Why Data Architecture?
Based on all this, the answer to this last question is unsurprisingly design or, following the IT parlance, architecture. Data Architecture, to be more precise. And Data Architecture is the most overlooked piece of the puzzle for organisations to take full advantage of their data estates. Architecting the data allows organisations to build one shared design infrastructure so that data consumers can understand what data they have, where it is and what it means. It allows organisations to manage their data estate, which should be separate from, but related to, the organisation's technology and analysis strategy. Organisations that skip the data architecture step find themselves repeating the same data pre-processing steps for every application they create. Their data scientists spend more than half their time wrangling data from various parts of the company, trying to understand what variables in different data sets mean, cleaning them and transform them into something they can use. And while data wrangling is a necessary step of data exploration, it should not take most of the time of the data analysis process and it most definitely should not be part of the production process.
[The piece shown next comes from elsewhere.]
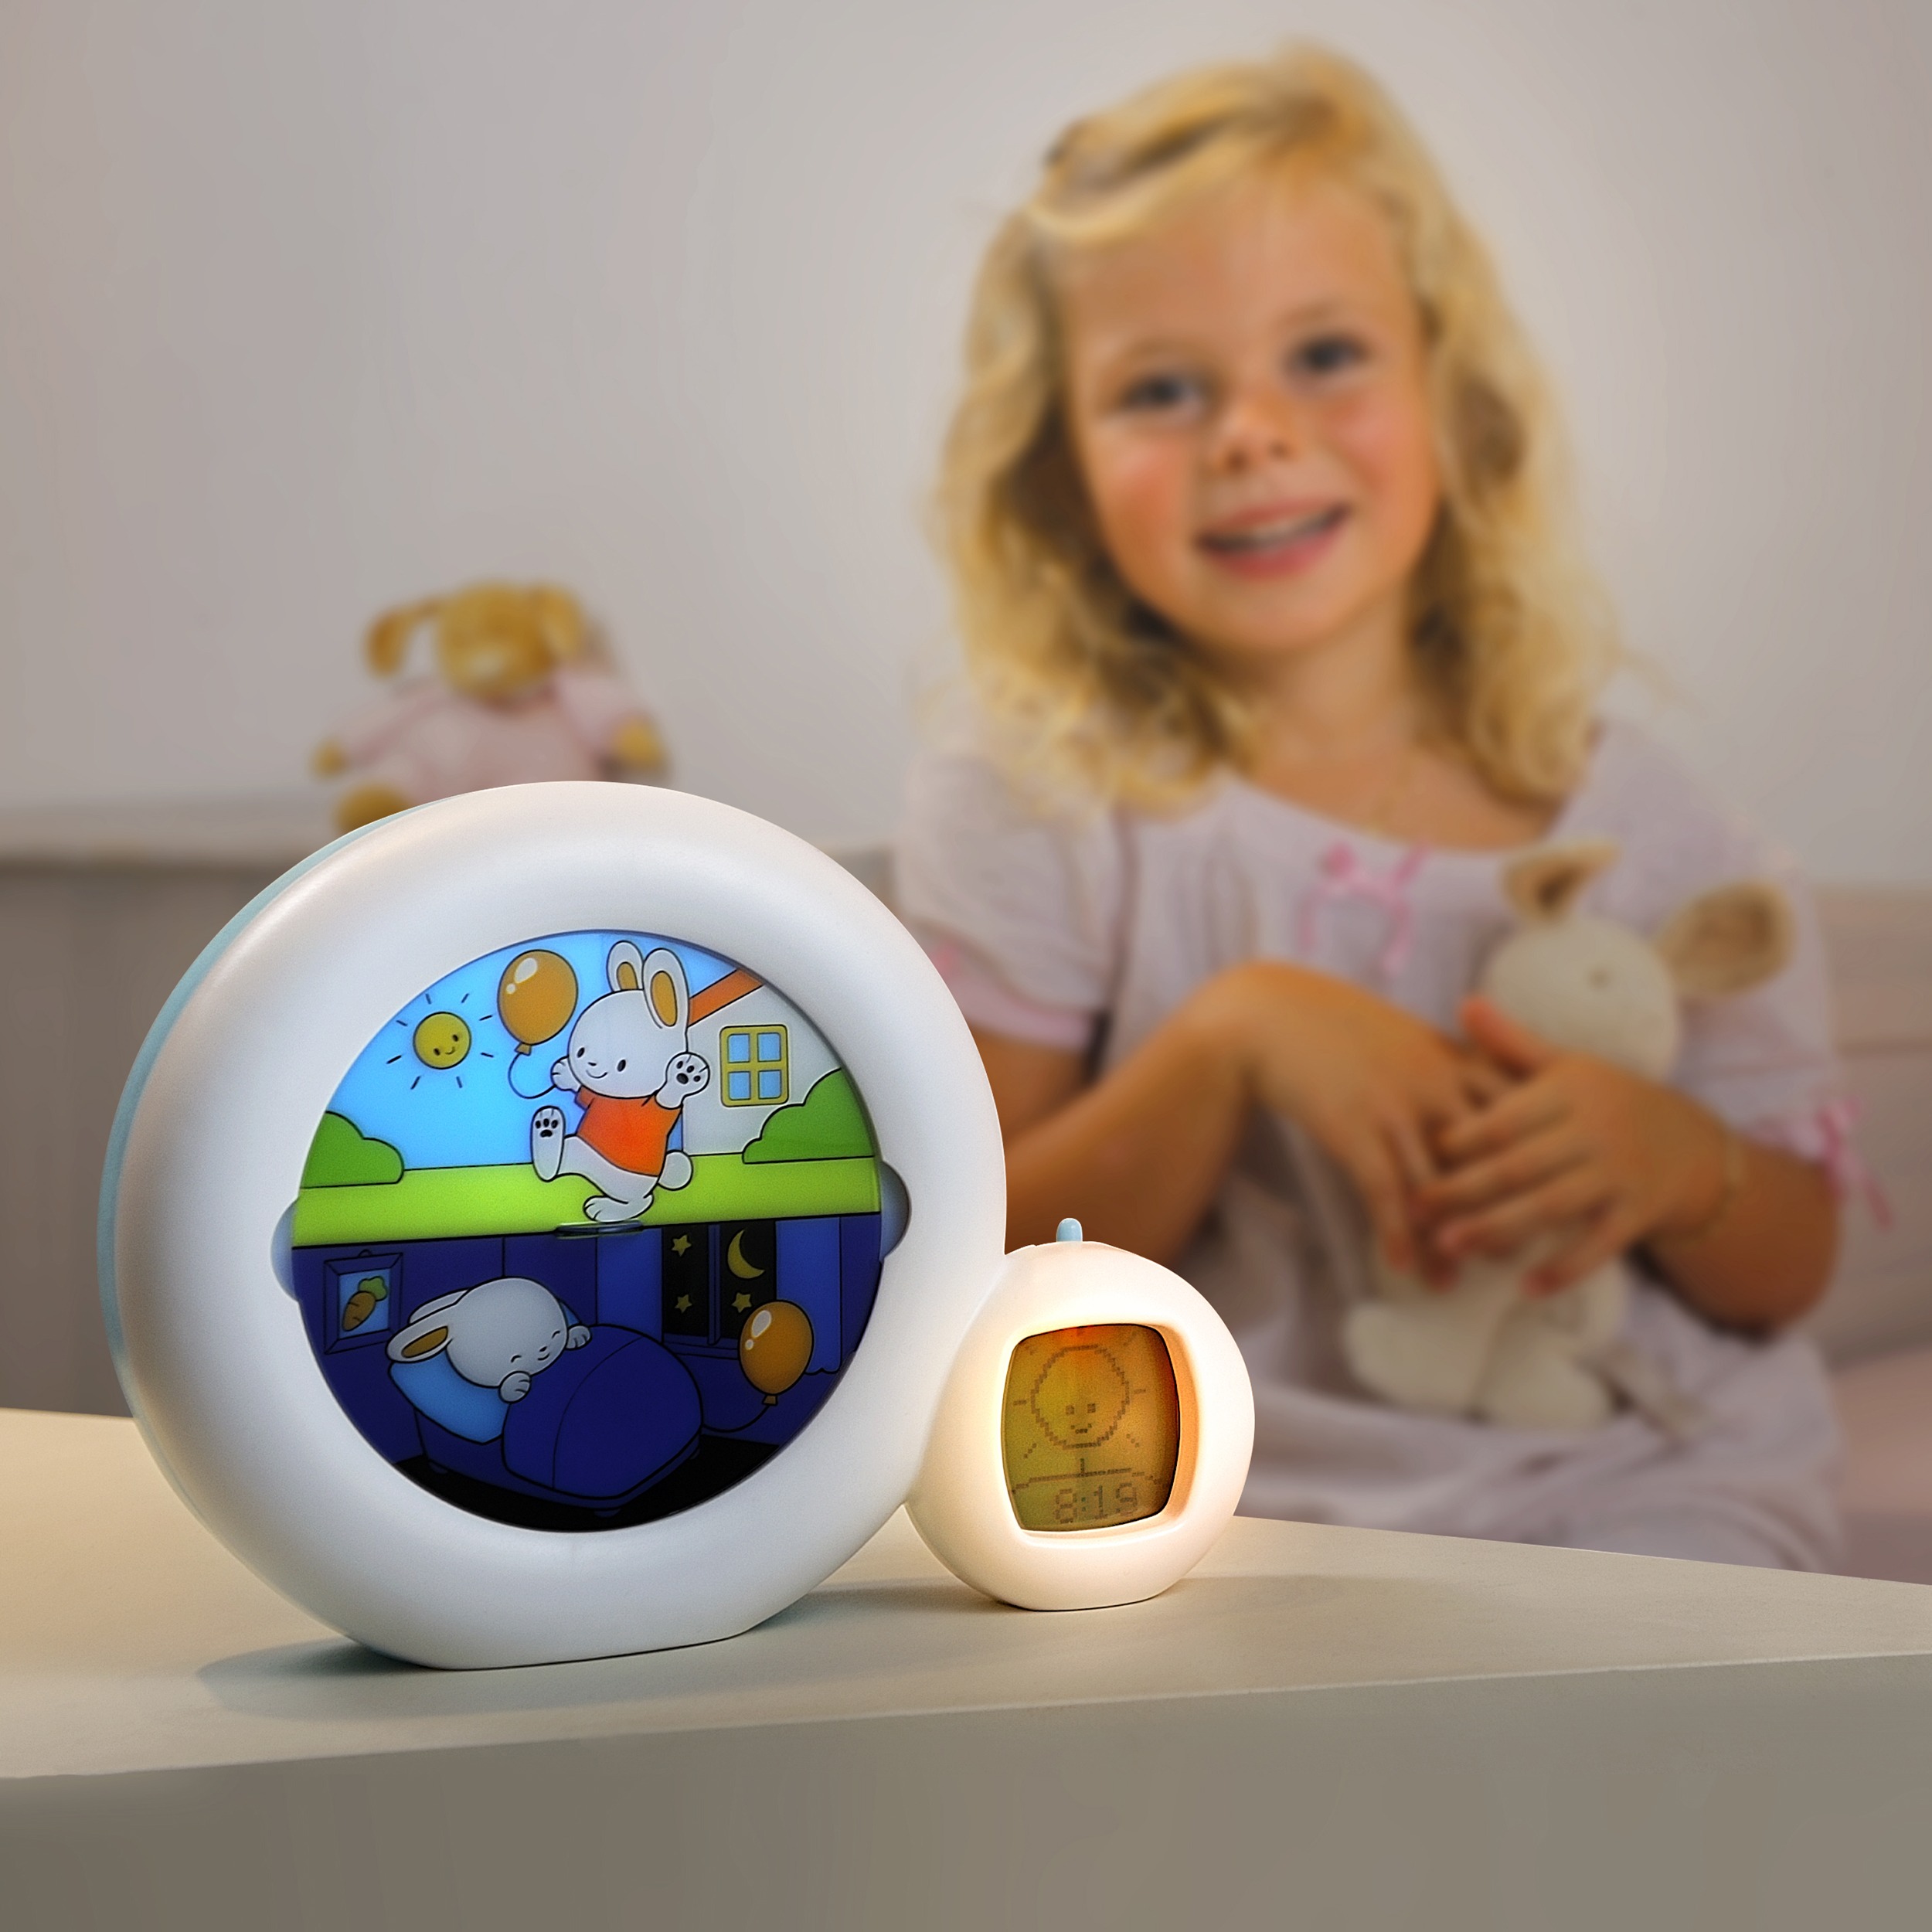 Réveil Kid'Sleep Clock : le réveil qui facilite l'apprentissage du

Data architecture doesn’t just help organisations be more efficient and therefore expedite the development of data applications, but is a key factor on data quality, and thus on the final products themselves. Resolving data inconsistencies and errors shouldn’t depend on the experts that build the analysis pipeline. Those analyst should be provided with datasets that have been produced and described following agreed standards, and adherence to those standards has been governed appropriately throughout the data lifecycle. Data standards and governance must be an organisation-wide priority, because errors at source can creep all the way up to the analysis pipeline and end up in product outputs. Not to mention that appropriate governance is part of the legal obligations of organisations regarding the management of their data.
So if you are a leader of an organisation undertaking a digital transformation and planning to take seriously the potential of your data estate, do not just buy a cloud solution and hire data scientists. You will need that, but you will also need to know what data you have, how to make sense of it and how to manage it, and only data architects will give you that.